Con questi ultimi, diceva, si finisce sempre per arenarsi su banchi di sabbia fatti di
cose note da un pezzo ma mai comprese, mentre con quell'indiano « la nave filava per
mari profondi, sconosciuti ». Il capo, che si chiamava Ochwiay Biano, che significa "Lago Montano", aveva un atteggiamento fortemente critico nei confronti dei Bianchi, e
Jung restò sbalordito udendolo affermare che gli indiani ritengono gli americani pazzi
perché pensano nelle loro teste. Chiese dove avesse sede il pensiero degli indiani, e la
risposta fu: «Nel cuore».
Jung ne restò assai colpito, e sovente l'ho udito affermare che alcuni dei più gravi errori che commettiamo nei rapporti con altri gruppi etnici sono dovuti al fatto che partiamo dal presupposto che, al pari di noialtri, anche i loro membri pensino "dentro la
testa". Invece, se la sede del pensiero degli indiani è il cuore, molte razze più primitive pensano con zone ancora più basse, a esempio i loro ventri. E soggiungeva che ciò
porta le varie etnie a mutua incomprensione.

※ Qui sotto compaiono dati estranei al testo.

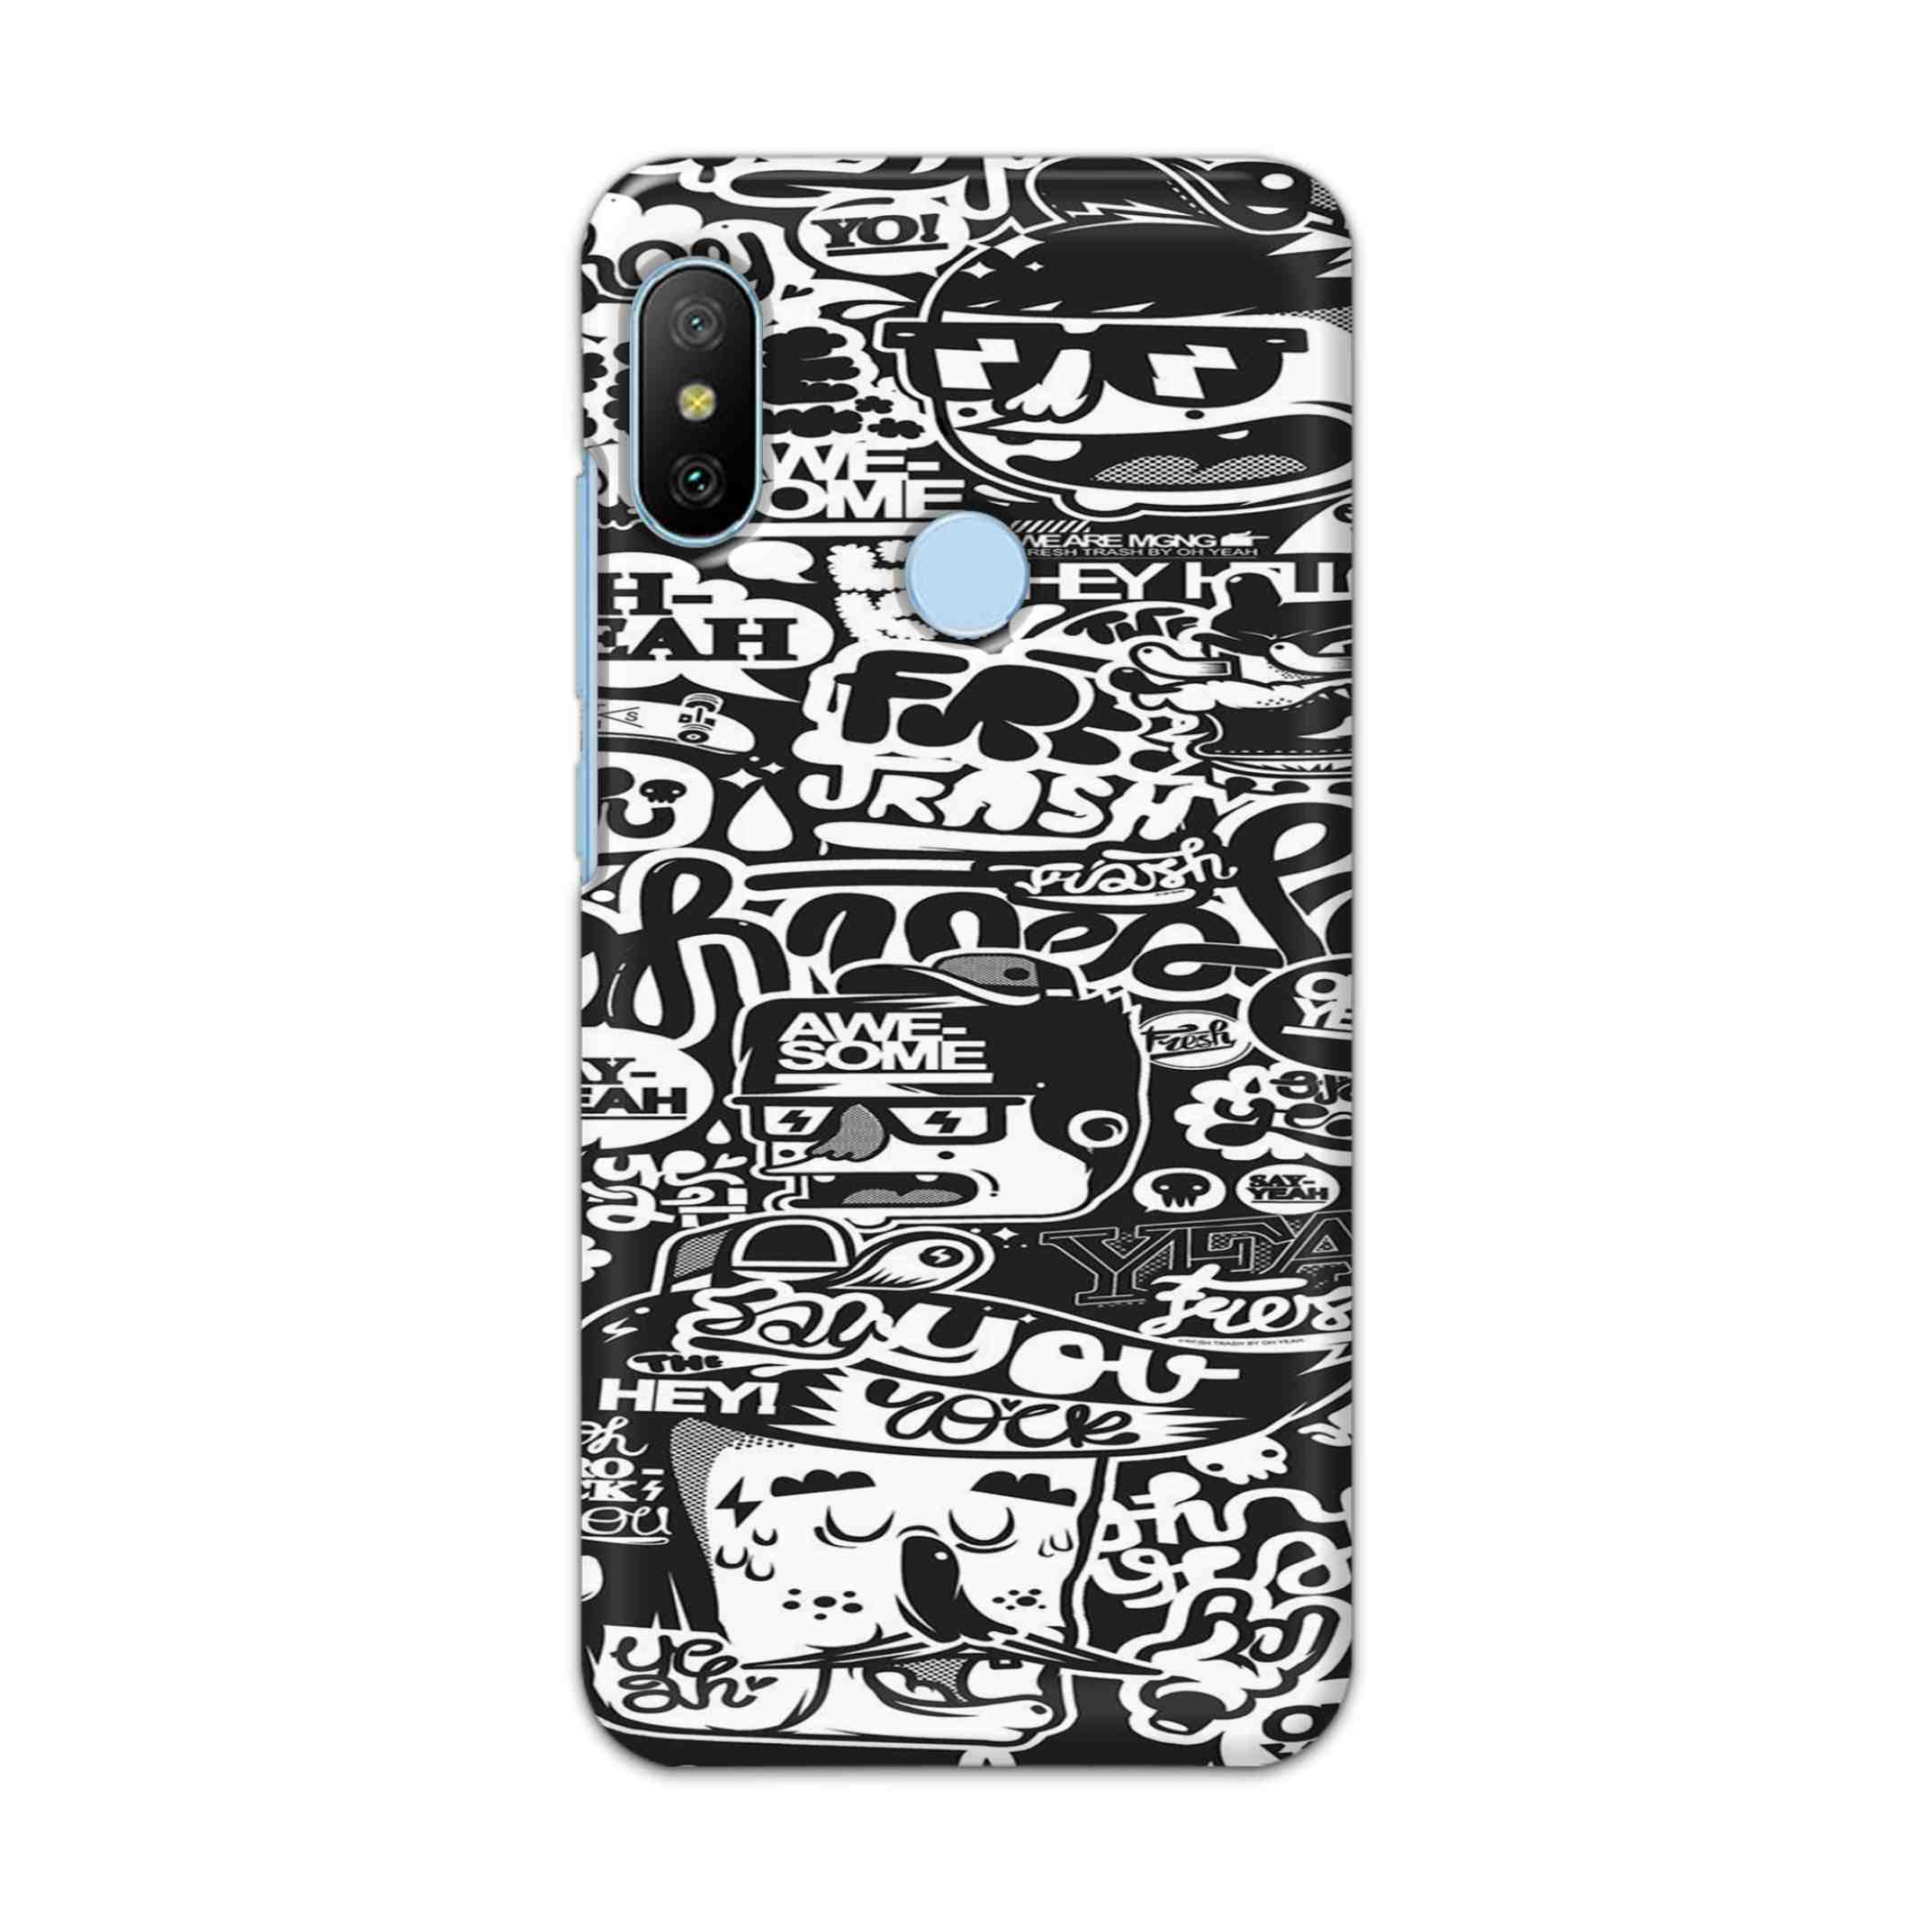 Buy Awesome Hard Back Mobile Phone Case/Cover For Xiaomi Redmi 6 Pro Online

Dopo lunghi conversari con Lago Montano, del quale accettò con umiltà le critiche all'uomo bianco, Jung si rese conto che non sarebbe mai riuscito a penetrare i misteri
della religione dei Pueblos col ricorso al metodo delle domande dirette. Poteva cattivarsi la fiducia di Lago Montano soltanto lentamente e gradualmente, e valutò i propri
progressi in questo campo soprattutto alla luce di manifestazioni emozionali che il capo pueblo non poteva evitarsi, come a esempio il fatto che gli occhi gli si imperlassero
di lacrime quando il discorso cadeva sui misteri religiosi, che gli indiani tuttora custodiscono con la stessa cura con cui un tempo si vigilava su quelli di Eleusi. Un giorno,
mentre sedevano insieme al sole sul tetto-terrazza di un pueblo, si misero a parlare
degli americani, argomento nei confronti del quale Lago Montano non mostrava reticenze di sorta, e infatti parlò con grande amarezza dell'atteggiamento che gli yankees
avevano nei confronti della religione indiana. Tacque per un lungo istante, e quindi soggiunse: « Gli americani vogliono cancellare la nostra religione. Ma perché non ci lasciano in pace? Ciò che noi facciamo, non lo facciamo solo per noi, ma anche a beneficio
degli americani, anzi del mondo intero, perché ognuno ne trae vantaggio ».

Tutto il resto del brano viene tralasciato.